06-03-2014 01:27 PM - edited 03-11-2019 09:17 PM
I have an ipsec site to site tunnel. I need to have only a certain subnet to be tunneled while everything else will go straight out to the internet, using cloud web security web filtering. How can I accomplish this split tunnel? Thanks.
Solved! Go to Solution.
06-03-2014 03:59 PM
Telling us what platform and software version would allow me to give a more precise answer.
That aside, on an ASA site-site VPNs define "interesting traffic" that which should be passed via the VPN in an access-list (ACL). The ACL is referred to in a crypto map which ties together that acl and the peer firewall address.
We typically also exempt that traffic from NAT so as to allow it to retain its native internal addressing.
All other traffic will then go out via the default route according to the policies (other ACLs, CWS etc) you have configured.
06-03-2014 03:59 PM
Telling us what platform and software version would allow me to give a more precise answer.

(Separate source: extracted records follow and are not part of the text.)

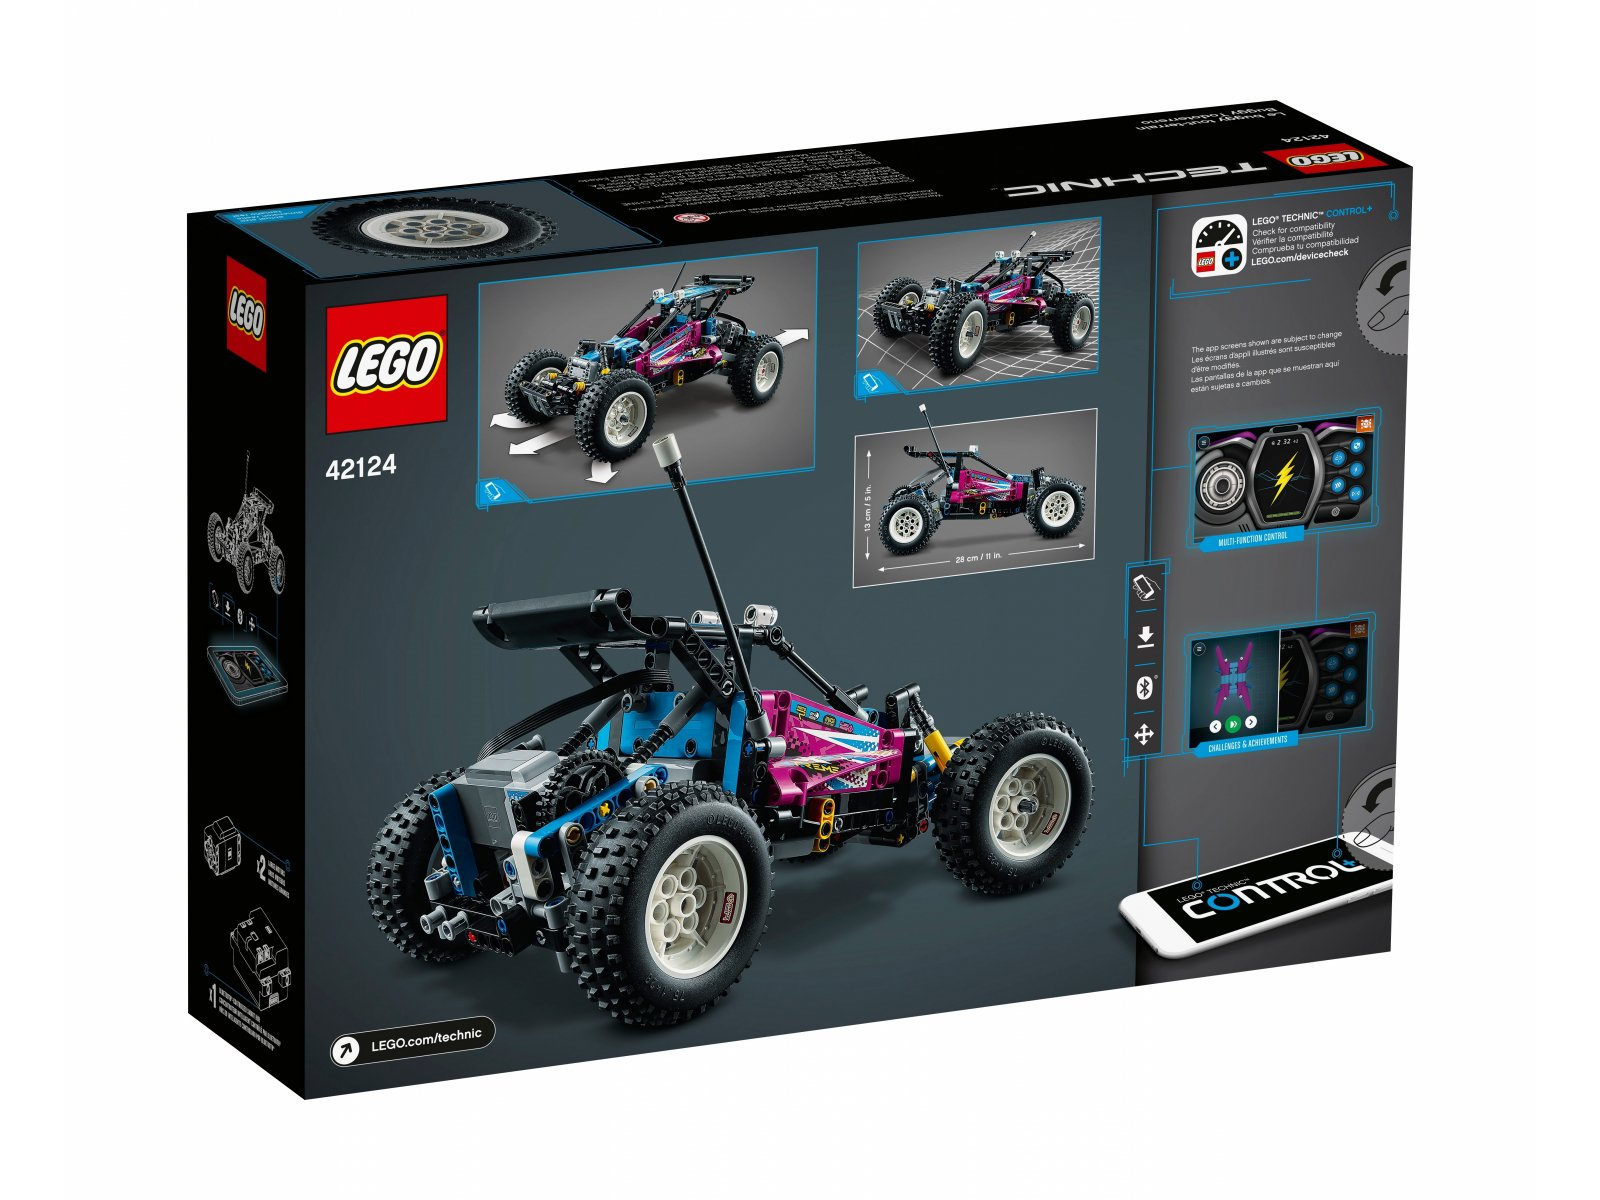 LEGO 42124 Technic Łazik terenowy
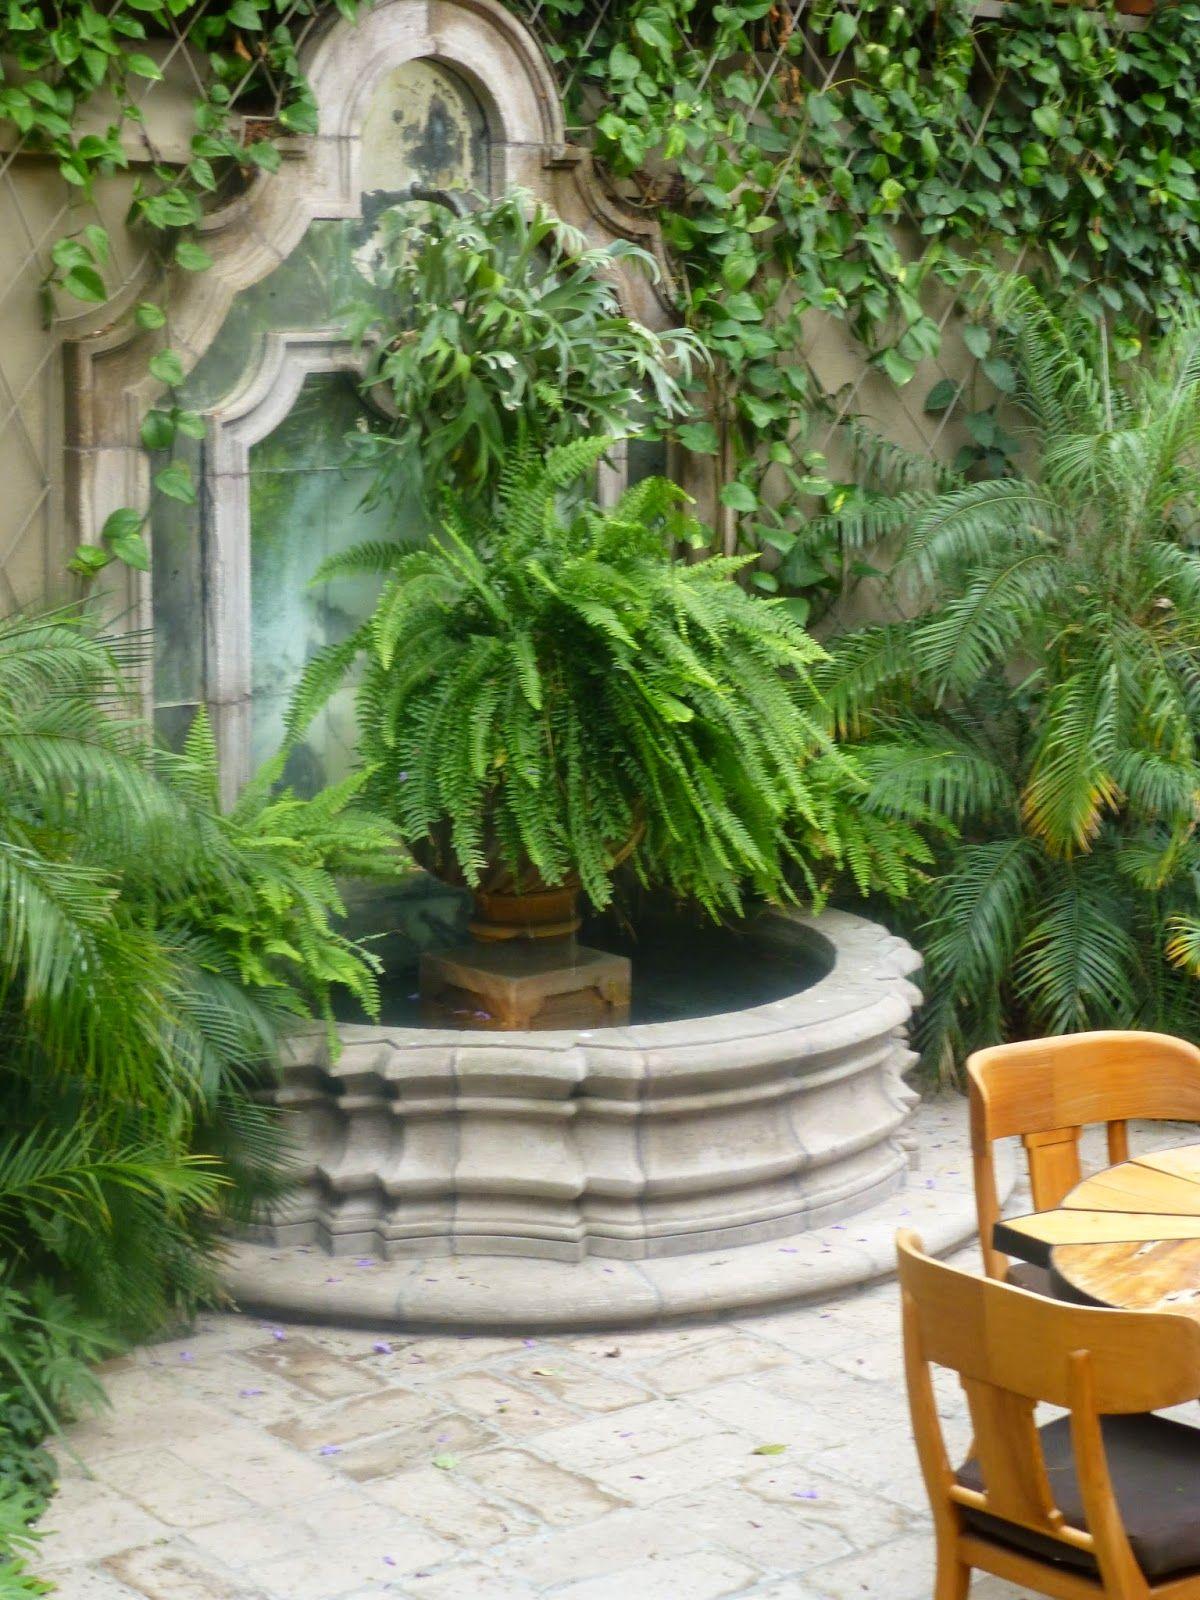 Home garden style  Romancing the Home San Miguel de Allende Design Style  Favorite
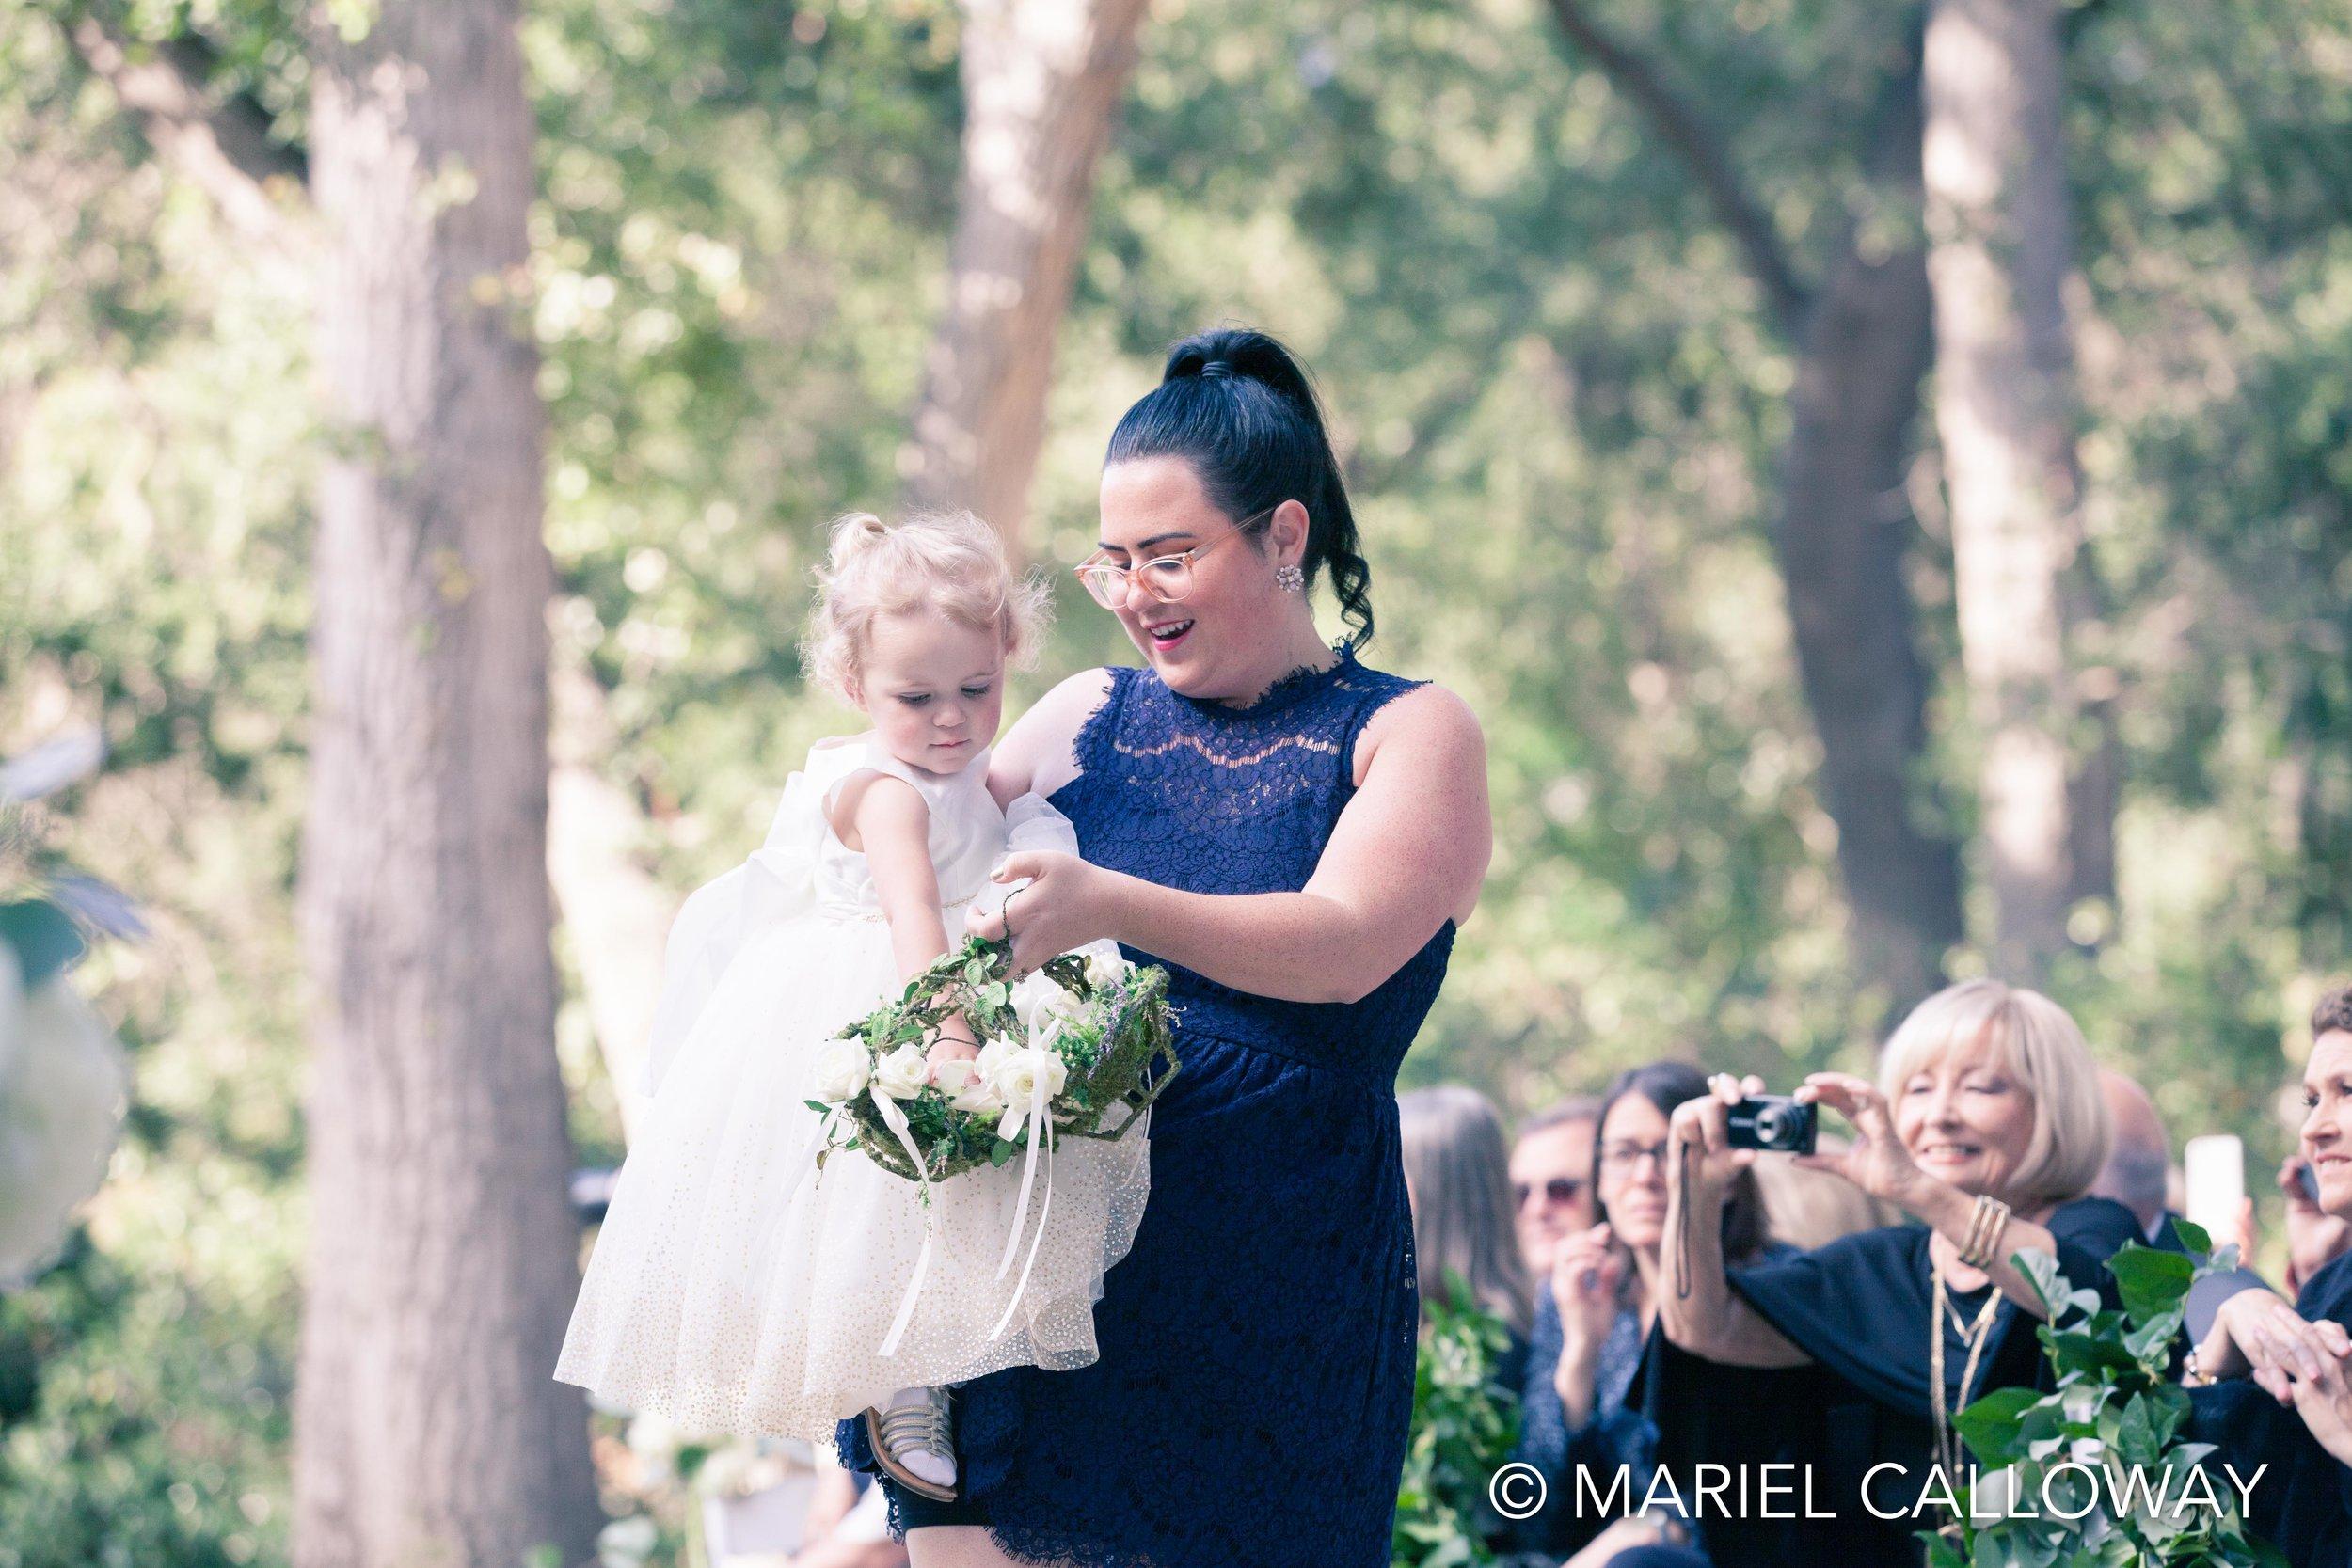 Mariel-Calloway-Los-Angeles-Wedding-Photography-Smith-22.jpg

That aside, on an ASA site-site VPNs define "interesting traffic" that which should be passed via the VPN in an access-list (ACL). The ACL is referred to in a crypto map which ties together that acl and the peer firewall address.
We typically also exempt that traffic from NAT so as to allow it to retain its native internal addressing.
All other traffic will then go out via the default route according to the policies (other ACLs, CWS etc) you have configured.
Discover and save your favorite ideas. Come back to expert answers, step-by-step guides, recent topics, and more.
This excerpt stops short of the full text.